Pacu Daya Saing Jateng
Hj Novita Wijayanti SE MM. FOTO: Wahyu/Davinanews.com |
Kebangkitan nasional pada era itu memiliki makna bangkitnya semangat persatuan, kesatuan, dan nasionalisme untuk memperjuangkan kemerdekaan.
Sebuah cita-cita yang kemudian dipertegas dalam momentum Soempah Pemoeda 1928. Seiring dengan dinamika waktu dan perkembangan persoalan kebangsaan saat ini, kebangkitan nasional perlu mendapat pemaknaan ulang, dikaitkan dengan konteks kekinian.
Pendiri bangsa ini telah memberikan acuan atas tujuan bernegara sebagaimana dalam Pembukaan UUD 1945. Ketika tujuan bernegara itu belum secara optimal terwujud, atau bahkan melenceng dari tujuannya, semangat kebangkitan nasional berarti semangat untuk kembali membangun bangsa sesuai dengan tujuan bernegara.
Kebangkitan nasional saat ini adalah semangat membangun bangsa sesuai dengan konsep ideal. Dalam level lokal berarti semangat membangun daerah sesuai dengan potensi dan persoalan yang dimiliki mengingat sistem desentralisasi memberi kewenangan sekaligus tanggung jawab lebih besar kepada daerah.
Denis Goulet dalam Development Ethics, a Guide to Theory and Practices memandang pembangunan sebagai proses multidimensional yang menyebabkan perubahan besar dalam struktur sosial, kelembagaan, pertumbuhan ekonomi, penurunan tingkat ketimpangan, dan penurunan tingkat kemiskinan.
Pembangunan berintikan tiga aspek. Pertama; kehidupan yang layak sandang, papan, pangan, pendidikan, dan kesehatan. Dibandingkan dengan kondisi masyarakat pada awal kemerdekaan, pembangunan kita mampu membawa ke kondisi yang lebih baik. Namun dalam komparasi dengan bangsa-bangsa lain kita perlu kembali menengok kondisi itu.
Pelayanan pendidikan dan kesehatan belum sepenuhnya bisa diakses oleh masyarakat secara mudah, murah, dan berkualitas. Pada level pembangunan antardaerah, kesenjangan pelayanan pendidikan dan kesehatan belum sepenuhnya bisa diperoleh masyarakat. Ada rentang kualitas indeks pembangunan manusia (IPM) yang cukup lebar antar satu daerah dan daerah lainnya.
Membangun Jateng
Indeks pembangunan manusia Indonesia berada di peringkat ke-124 dari 187 negara. Di ASEAN kita tertinggal dari Singapura, Brunei Darussalam, Malaysia, Thailand, dan Filipina.

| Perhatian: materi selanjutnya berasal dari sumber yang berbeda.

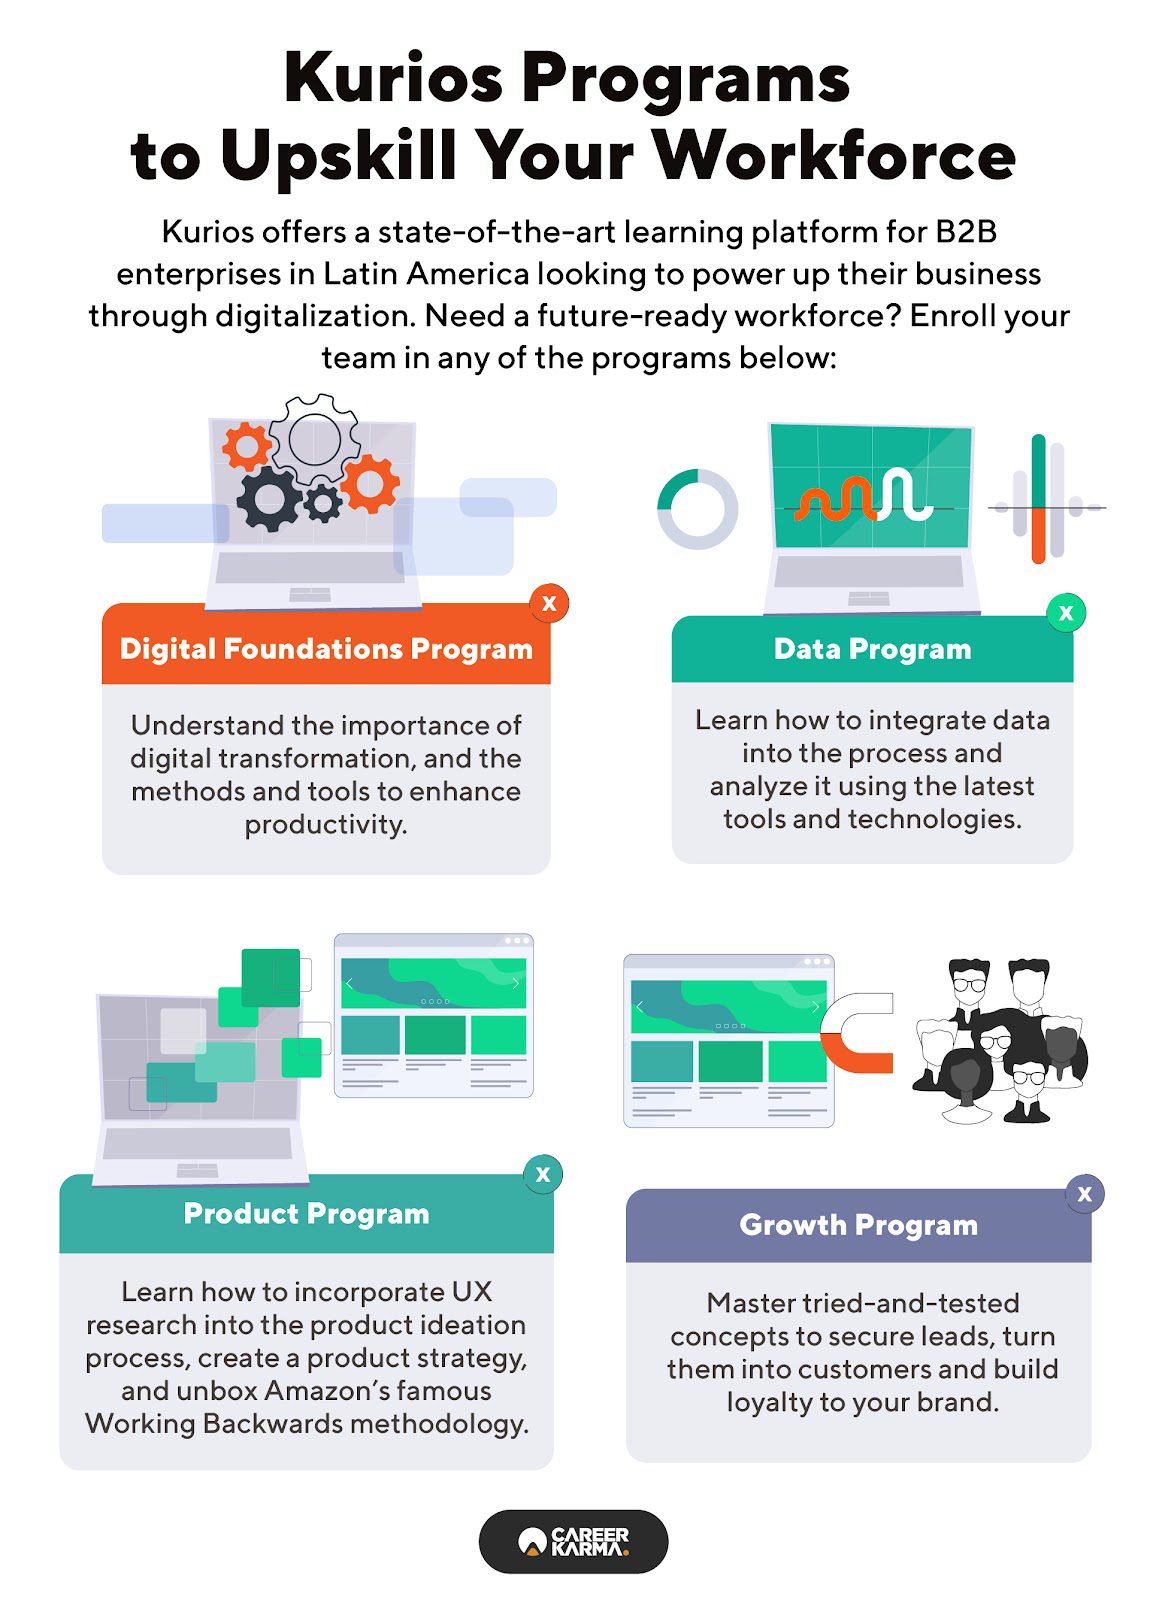 An infographic featuring Kurios’ upskilling digital programs for Latin American businesses

Kita hanya unggul jika dibandingkan dengan Vietnam, Laos, Kamboja, dan Myanmar.
Dalam aspek ini, kebangkitan nasional kemudian bermakna semangat untuk bangkit mengejar ketertinggalan, baik pada level lokal, regional, maupun internasional. Bahwa pembangunan untuk kehidupan yang layak masih perlu kita tingkatkan.
Kedua; harga diri, yaitu orang tidak merasa tercabut dari akarnya, atau masih memiliki identitas dengan jati diri dan budayanya. Sistem pembangunan kita selama ini kurang mampu membangun self esteem yang kuat. Krisis identitas, melunturnya budaya bangsa, meredupnya nilai-nilai kearifan lokal adalah bukti dari hal tersebut.
Dalam aspek budaya misalnya, kegotongroyongan yang menjadi salah satu identitas kita mulai luntur, sementara pada saat yang sama semangat individualisme dan egoisme lebih mengemuka. Self esteem bukan berarti antibudaya luar melainkan bagaimana kita memiliki jati diri kuat sebagai bangsa di tengah gempuran budaya asing. Kebangkitan nasional kemudian bermakna perlunya memperkuat jati diri sebagai satu kesatuan masyarakat Indonesia.
Ketiga; kebebasan dari perhambaan. Pembangunan idealnya mampu melepaskan diri dari ketergantungan, menjadi makin mandiri. Kebangkitan dalam aspek ini adalah bangkit untuk makin mandiri, melepaskan ketergantungan dari bangsa lain menuju bangsa yang lebih bermartabat. Kebangkitan nasional dalam level daerah, berarti membangun Jateng supaya lebih mandiri dan berdaya saing tinggi.